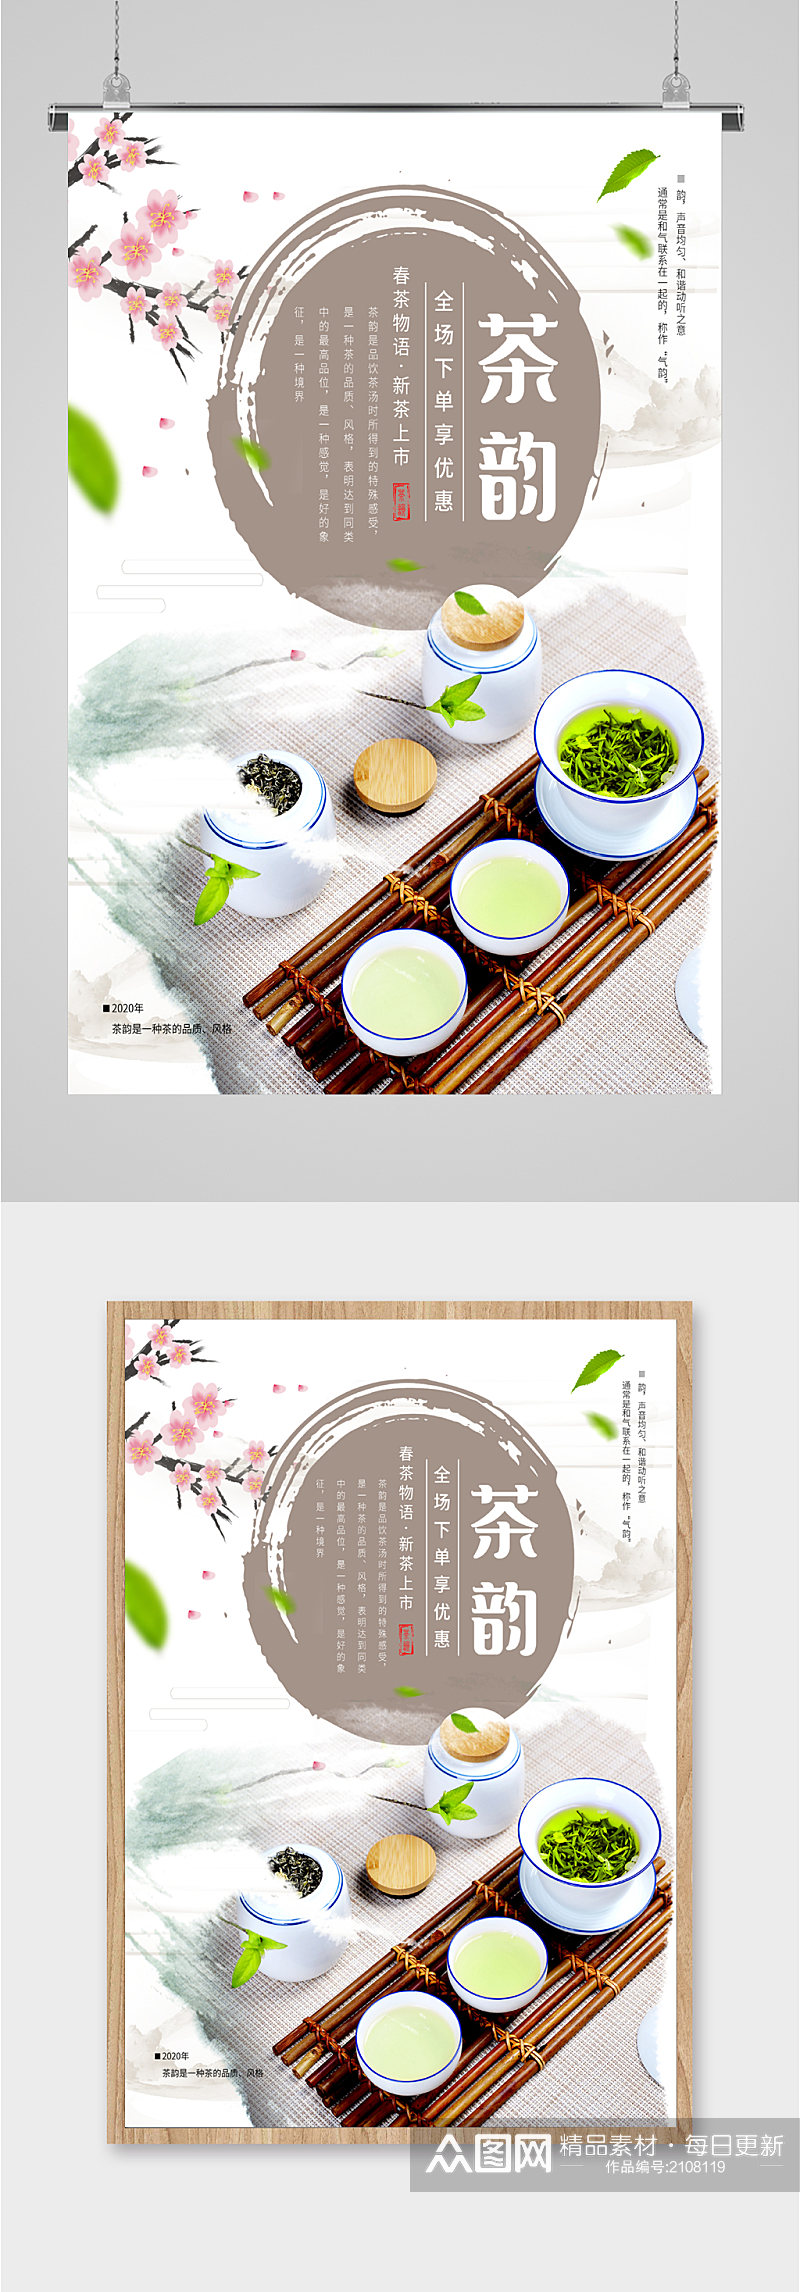 茶韵茶道茶文化海报素材
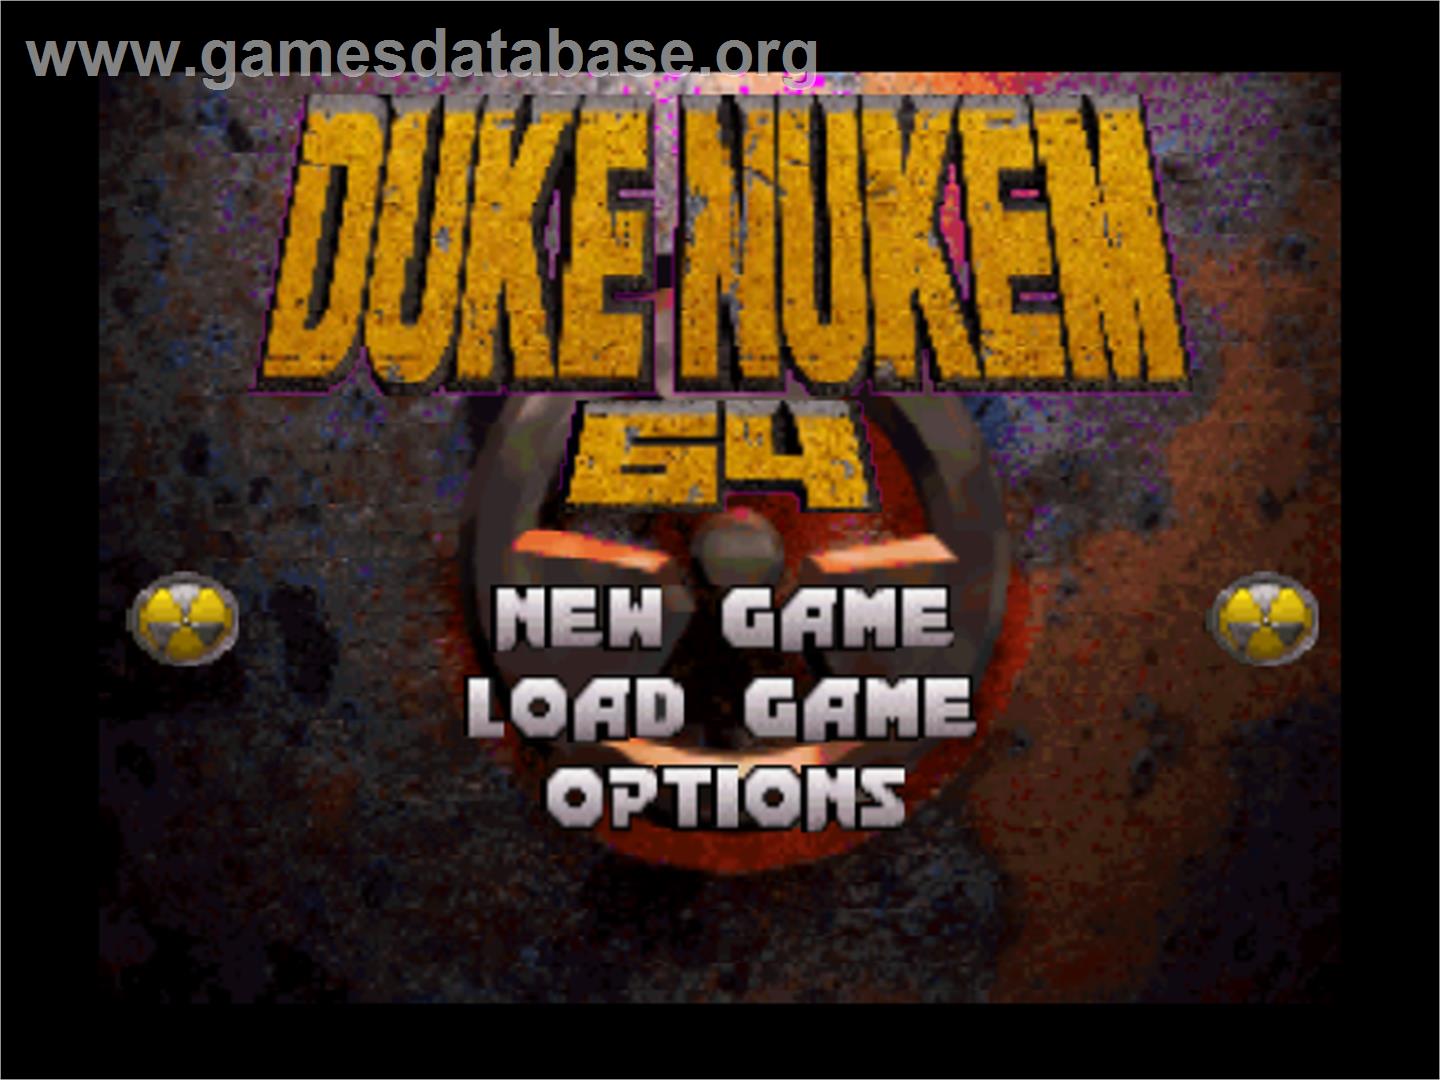 Duke Nukem 64 - Nintendo N64 - Artwork - Title Screen
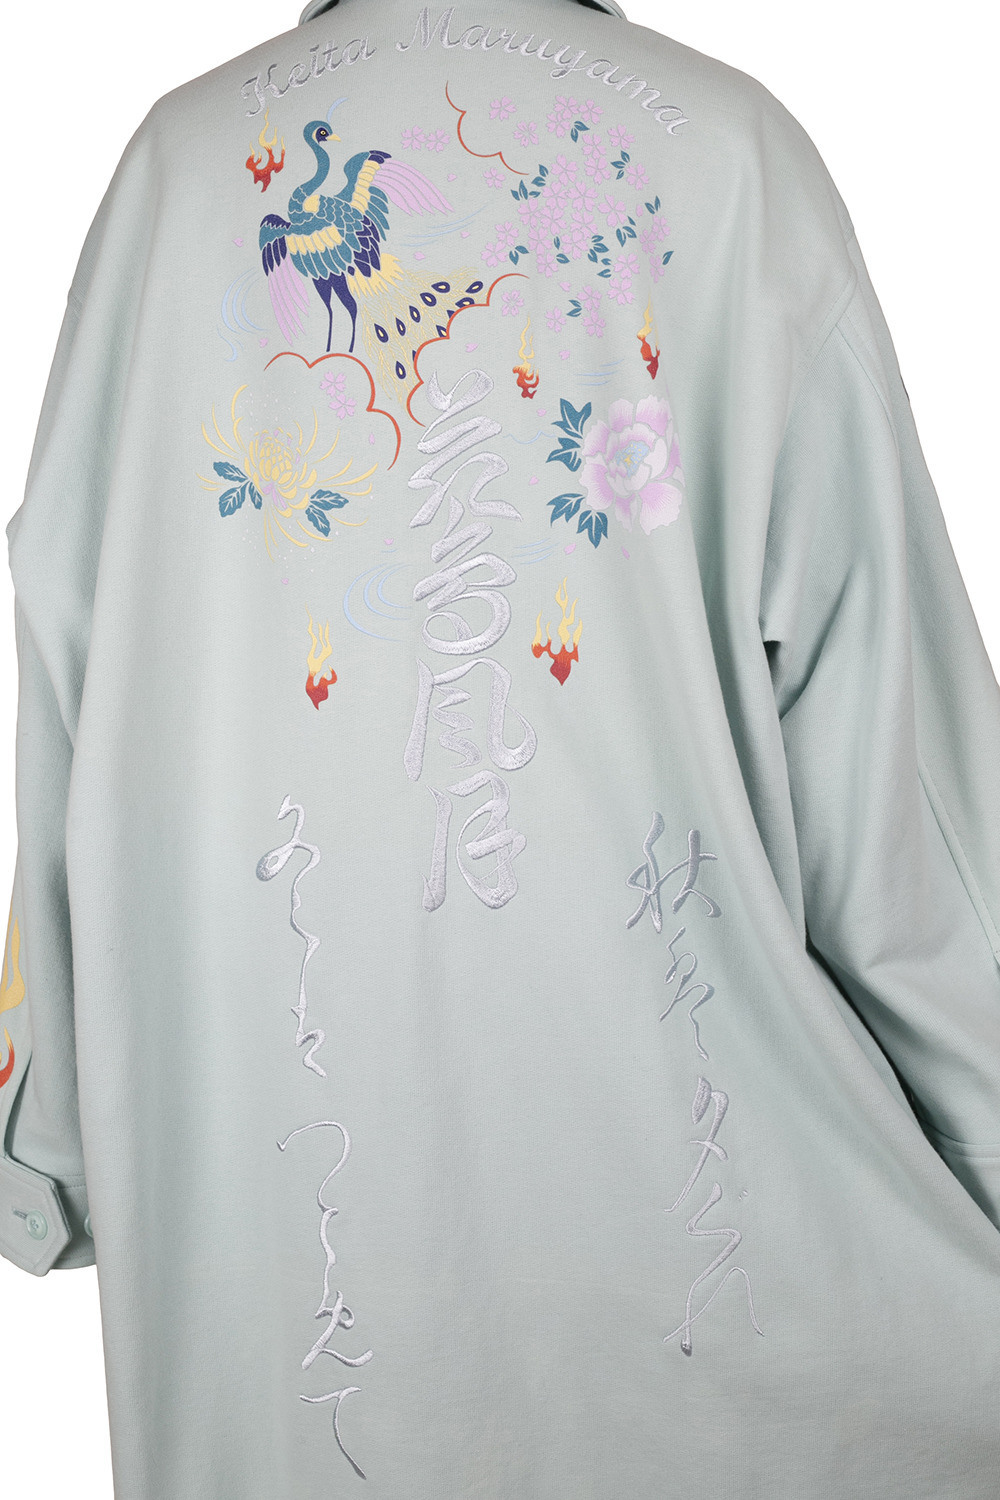 ケイタマルヤマ 刺繍ジャケット 1 | guardline.kz

TO DO: Apart from the pictures, all of the data must be duplicated exactly as shown above.

ANSWER TO THIS EXERCISE:
 茶韵茶道茶文化海报素材
 Duke Nukem 64 - Nintendo N64 - Artwork - Title Screen
 ケイタマルヤマ 刺繍ジャケット 1 | guardline.kz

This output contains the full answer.